### What you are asked to do
Output the listing exactly, leaving nothing out.

Segment Start: Supplied information

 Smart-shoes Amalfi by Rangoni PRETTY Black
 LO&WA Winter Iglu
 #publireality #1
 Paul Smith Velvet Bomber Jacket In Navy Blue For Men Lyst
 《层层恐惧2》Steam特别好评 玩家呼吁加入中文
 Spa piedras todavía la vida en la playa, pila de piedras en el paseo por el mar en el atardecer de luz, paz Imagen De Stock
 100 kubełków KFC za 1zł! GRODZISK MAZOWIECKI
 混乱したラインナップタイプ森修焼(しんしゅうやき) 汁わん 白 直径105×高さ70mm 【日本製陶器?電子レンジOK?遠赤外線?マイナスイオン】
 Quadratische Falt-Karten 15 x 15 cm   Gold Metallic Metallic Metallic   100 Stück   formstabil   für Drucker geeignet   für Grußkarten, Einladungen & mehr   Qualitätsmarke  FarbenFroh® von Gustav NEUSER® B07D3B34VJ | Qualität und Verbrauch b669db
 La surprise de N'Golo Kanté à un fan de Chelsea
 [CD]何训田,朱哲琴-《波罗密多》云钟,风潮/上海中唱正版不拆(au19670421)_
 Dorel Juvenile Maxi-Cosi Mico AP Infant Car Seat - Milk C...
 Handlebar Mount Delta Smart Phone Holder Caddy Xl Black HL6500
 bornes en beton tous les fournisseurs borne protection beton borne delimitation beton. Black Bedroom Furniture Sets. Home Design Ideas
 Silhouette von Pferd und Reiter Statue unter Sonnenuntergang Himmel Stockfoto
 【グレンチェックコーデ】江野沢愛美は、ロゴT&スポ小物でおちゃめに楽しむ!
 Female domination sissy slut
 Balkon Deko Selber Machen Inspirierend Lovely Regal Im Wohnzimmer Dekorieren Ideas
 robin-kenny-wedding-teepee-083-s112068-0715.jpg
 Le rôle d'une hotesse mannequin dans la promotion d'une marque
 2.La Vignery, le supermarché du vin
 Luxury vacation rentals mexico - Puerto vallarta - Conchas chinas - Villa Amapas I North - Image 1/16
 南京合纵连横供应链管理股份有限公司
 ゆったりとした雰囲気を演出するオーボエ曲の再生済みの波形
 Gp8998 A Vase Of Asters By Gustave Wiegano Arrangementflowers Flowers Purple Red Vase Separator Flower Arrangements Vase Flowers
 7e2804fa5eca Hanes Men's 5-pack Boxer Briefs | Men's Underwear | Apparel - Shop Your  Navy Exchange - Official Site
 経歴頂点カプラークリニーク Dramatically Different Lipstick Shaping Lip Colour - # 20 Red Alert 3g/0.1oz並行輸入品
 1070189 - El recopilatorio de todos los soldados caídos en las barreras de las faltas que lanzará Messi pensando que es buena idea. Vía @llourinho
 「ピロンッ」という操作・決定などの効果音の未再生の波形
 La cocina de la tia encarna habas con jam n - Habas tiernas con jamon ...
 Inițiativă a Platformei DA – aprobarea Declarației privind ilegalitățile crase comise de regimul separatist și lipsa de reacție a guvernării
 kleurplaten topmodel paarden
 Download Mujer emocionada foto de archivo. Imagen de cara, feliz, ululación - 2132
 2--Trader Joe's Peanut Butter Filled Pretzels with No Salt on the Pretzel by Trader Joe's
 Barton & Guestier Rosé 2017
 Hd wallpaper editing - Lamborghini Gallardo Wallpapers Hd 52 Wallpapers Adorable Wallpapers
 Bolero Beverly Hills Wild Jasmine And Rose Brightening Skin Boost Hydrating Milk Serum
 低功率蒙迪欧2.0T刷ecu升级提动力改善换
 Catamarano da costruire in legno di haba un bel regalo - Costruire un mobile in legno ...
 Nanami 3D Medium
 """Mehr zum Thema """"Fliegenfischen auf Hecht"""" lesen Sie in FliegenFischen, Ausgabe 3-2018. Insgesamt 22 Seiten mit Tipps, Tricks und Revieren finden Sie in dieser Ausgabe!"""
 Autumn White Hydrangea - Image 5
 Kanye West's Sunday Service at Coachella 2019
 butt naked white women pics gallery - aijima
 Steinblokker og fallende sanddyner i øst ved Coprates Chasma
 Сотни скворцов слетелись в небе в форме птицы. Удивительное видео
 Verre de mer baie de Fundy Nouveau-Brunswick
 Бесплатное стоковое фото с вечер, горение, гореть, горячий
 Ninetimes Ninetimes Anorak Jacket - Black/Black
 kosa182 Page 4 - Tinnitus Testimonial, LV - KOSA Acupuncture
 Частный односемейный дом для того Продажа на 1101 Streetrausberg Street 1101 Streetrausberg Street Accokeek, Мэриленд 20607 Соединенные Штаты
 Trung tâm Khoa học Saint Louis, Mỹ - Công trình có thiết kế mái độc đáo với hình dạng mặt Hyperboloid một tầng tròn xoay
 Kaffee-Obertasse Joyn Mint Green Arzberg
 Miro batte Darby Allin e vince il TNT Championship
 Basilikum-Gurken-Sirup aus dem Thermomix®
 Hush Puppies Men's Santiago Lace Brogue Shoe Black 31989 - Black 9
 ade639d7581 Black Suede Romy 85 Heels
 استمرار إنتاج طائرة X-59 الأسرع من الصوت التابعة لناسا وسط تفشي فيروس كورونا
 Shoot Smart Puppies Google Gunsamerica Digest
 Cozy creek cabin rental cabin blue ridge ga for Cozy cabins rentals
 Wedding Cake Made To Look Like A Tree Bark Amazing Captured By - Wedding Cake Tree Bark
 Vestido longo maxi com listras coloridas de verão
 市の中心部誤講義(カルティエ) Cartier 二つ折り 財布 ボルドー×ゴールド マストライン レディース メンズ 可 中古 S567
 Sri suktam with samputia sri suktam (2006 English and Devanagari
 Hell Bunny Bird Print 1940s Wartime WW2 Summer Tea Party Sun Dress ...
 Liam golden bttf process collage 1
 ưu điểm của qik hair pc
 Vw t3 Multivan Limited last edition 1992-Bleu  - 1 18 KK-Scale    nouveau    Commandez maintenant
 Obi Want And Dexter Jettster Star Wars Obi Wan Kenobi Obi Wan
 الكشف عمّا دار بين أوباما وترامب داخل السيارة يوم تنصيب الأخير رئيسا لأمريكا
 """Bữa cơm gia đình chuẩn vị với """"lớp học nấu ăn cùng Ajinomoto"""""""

Segment End: Supplied information

### Finished task
 Smart-shoes Amalfi by Rangoni PRETTY Black
 LO&WA Winter Iglu
 #publireality #1
 Paul Smith Velvet Bomber Jacket In Navy Blue For Men Lyst
 《层层恐惧2》Steam特别好评 玩家呼吁加入中文
 Spa piedras todavía la vida en la playa, pila de piedras en el paseo por el mar en el atardecer de luz, paz Imagen De Stock
 100 kubełków KFC za 1zł! GRODZISK MAZOWIECKI
 混乱したラインナップタイプ森修焼(しんしゅうやき) 汁わん 白 直径105×高さ70mm 【日本製陶器?電子レンジOK?遠赤外線?マイナスイオン】
 Quadratische Falt-Karten 15 x 15 cm   Gold Metallic Metallic Metallic   100 Stück   formstabil   für Drucker geeignet   für Grußkarten, Einladungen & mehr   Qualitätsmarke  FarbenFroh® von Gustav NEUSER® B07D3B34VJ | Qualität und Verbrauch b669db
 La surprise de N'Golo Kanté à un fan de Chelsea
 [CD]何训田,朱哲琴-《波罗密多》云钟,风潮/上海中唱正版不拆(au19670421)_
 Dorel Juvenile Maxi-Cosi Mico AP Infant Car Seat - Milk C...
 Handlebar Mount Delta Smart Phone Holder Caddy Xl Black HL6500
 bornes en beton tous les fournisseurs borne protection beton borne delimitation beton. Black Bedroom Furniture Sets. Home Design Ideas
 Silhouette von Pferd und Reiter Statue unter Sonnenuntergang Himmel Stockfoto
 【グレンチェックコーデ】江野沢愛美は、ロゴT&スポ小物でおちゃめに楽しむ!
 Female domination sissy slut
 Balkon Deko Selber Machen Inspirierend Lovely Regal Im Wohnzimmer Dekorieren Ideas
 robin-kenny-wedding-teepee-083-s112068-0715.jpg
 Le rôle d'une hotesse mannequin dans la promotion d'une marque
 2.La Vignery, le supermarché du vin
 Luxury vacation rentals mexico - Puerto vallarta - Conchas chinas - Villa Amapas I North - Image 1/16
 南京合纵连横供应链管理股份有限公司
 ゆったりとした雰囲気を演出するオーボエ曲の再生済みの波形
 Gp8998 A Vase Of Asters By Gustave Wiegano Arrangementflowers Flowers Purple Red Vase Separator Flower Arrangements Vase Flowers
 7e2804fa5eca Hanes Men's 5-pack Boxer Briefs | Men's Underwear | Apparel - Shop Your  Navy Exchange - Official Site
 経歴頂点カプラークリニーク Dramatically Different Lipstick Shaping Lip Colour - # 20 Red Alert 3g/0.1oz並行輸入品
 1070189 - El recopilatorio de todos los soldados caídos en las barreras de las faltas que lanzará Messi pensando que es buena idea. Vía @llourinho
 「ピロンッ」という操作・決定などの効果音の未再生の波形
 La cocina de la tia encarna habas con jam n - Habas tiernas con jamon ...
 Inițiativă a Platformei DA – aprobarea Declarației privind ilegalitățile crase comise de regimul separatist și lipsa de reacție a guvernării
 kleurplaten topmodel paarden
 Download Mujer emocionada foto de archivo. Imagen de cara, feliz, ululación - 2132
 2--Trader Joe's Peanut Butter Filled Pretzels with No Salt on the Pretzel by Trader Joe's
 Barton & Guestier Rosé 2017
 Hd wallpaper editing - Lamborghini Gallardo Wallpapers Hd 52 Wallpapers Adorable Wallpapers
 Bolero Beverly Hills Wild Jasmine And Rose Brightening Skin Boost Hydrating Milk Serum
 低功率蒙迪欧2.0T刷ecu升级提动力改善换
 Catamarano da costruire in legno di haba un bel regalo - Costruire un mobile in legno ...
 Nanami 3D Medium
 """Mehr zum Thema """"Fliegenfischen auf Hecht"""" lesen Sie in FliegenFischen, Ausgabe 3-2018. Insgesamt 22 Seiten mit Tipps, Tricks und Revieren finden Sie in dieser Ausgabe!"""
 Autumn White Hydrangea - Image 5
 Kanye West's Sunday Service at Coachella 2019
 butt naked white women pics gallery - aijima
 Steinblokker og fallende sanddyner i øst ved Coprates Chasma
 Сотни скворцов слетелись в небе в форме птицы. Удивительное видео
 Verre de mer baie de Fundy Nouveau-Brunswick
 Бесплатное стоковое фото с вечер, горение, гореть, горячий
 Ninetimes Ninetimes Anorak Jacket - Black/Black
 kosa182 Page 4 - Tinnitus Testimonial, LV - KOSA Acupuncture
 Частный односемейный дом для того Продажа на 1101 Streetrausberg Street 1101 Streetrausberg Street Accokeek, Мэриленд 20607 Соединенные Штаты
 Trung tâm Khoa học Saint Louis, Mỹ - Công trình có thiết kế mái độc đáo với hình dạng mặt Hyperboloid một tầng tròn xoay
 Kaffee-Obertasse Joyn Mint Green Arzberg
 Miro batte Darby Allin e vince il TNT Championship
 Basilikum-Gurken-Sirup aus dem Thermomix®
 Hush Puppies Men's Santiago Lace Brogue Shoe Black 31989 - Black 9
 ade639d7581 Black Suede Romy 85 Heels
 استمرار إنتاج طائرة X-59 الأسرع من الصوت التابعة لناسا وسط تفشي فيروس كورونا
 Shoot Smart Puppies Google Gunsamerica Digest
 Cozy creek cabin rental cabin blue ridge ga for Cozy cabins rentals
 Wedding Cake Made To Look Like A Tree Bark Amazing Captured By - Wedding Cake Tree Bark
 Vestido longo maxi com listras coloridas de verão
 市の中心部誤講義(カルティエ) Cartier 二つ折り 財布 ボルドー×ゴールド マストライン レディース メンズ 可 中古 S567
 Sri suktam with samputia sri suktam (2006 English and Devanagari
 Hell Bunny Bird Print 1940s Wartime WW2 Summer Tea Party Sun Dress ...
 Liam golden bttf process collage 1
 ưu điểm của qik hair pc
 Vw t3 Multivan Limited last edition 1992-Bleu  - 1 18 KK-Scale    nouveau    Commandez maintenant
 Obi Want And Dexter Jettster Star Wars Obi Wan Kenobi Obi Wan
 الكشف عمّا دار بين أوباما وترامب داخل السيارة يوم تنصيب الأخير رئيسا لأمريكا
 """Bữa cơm gia đình chuẩn vị với """"lớp học nấu ăn cùng Ajinomoto"""""""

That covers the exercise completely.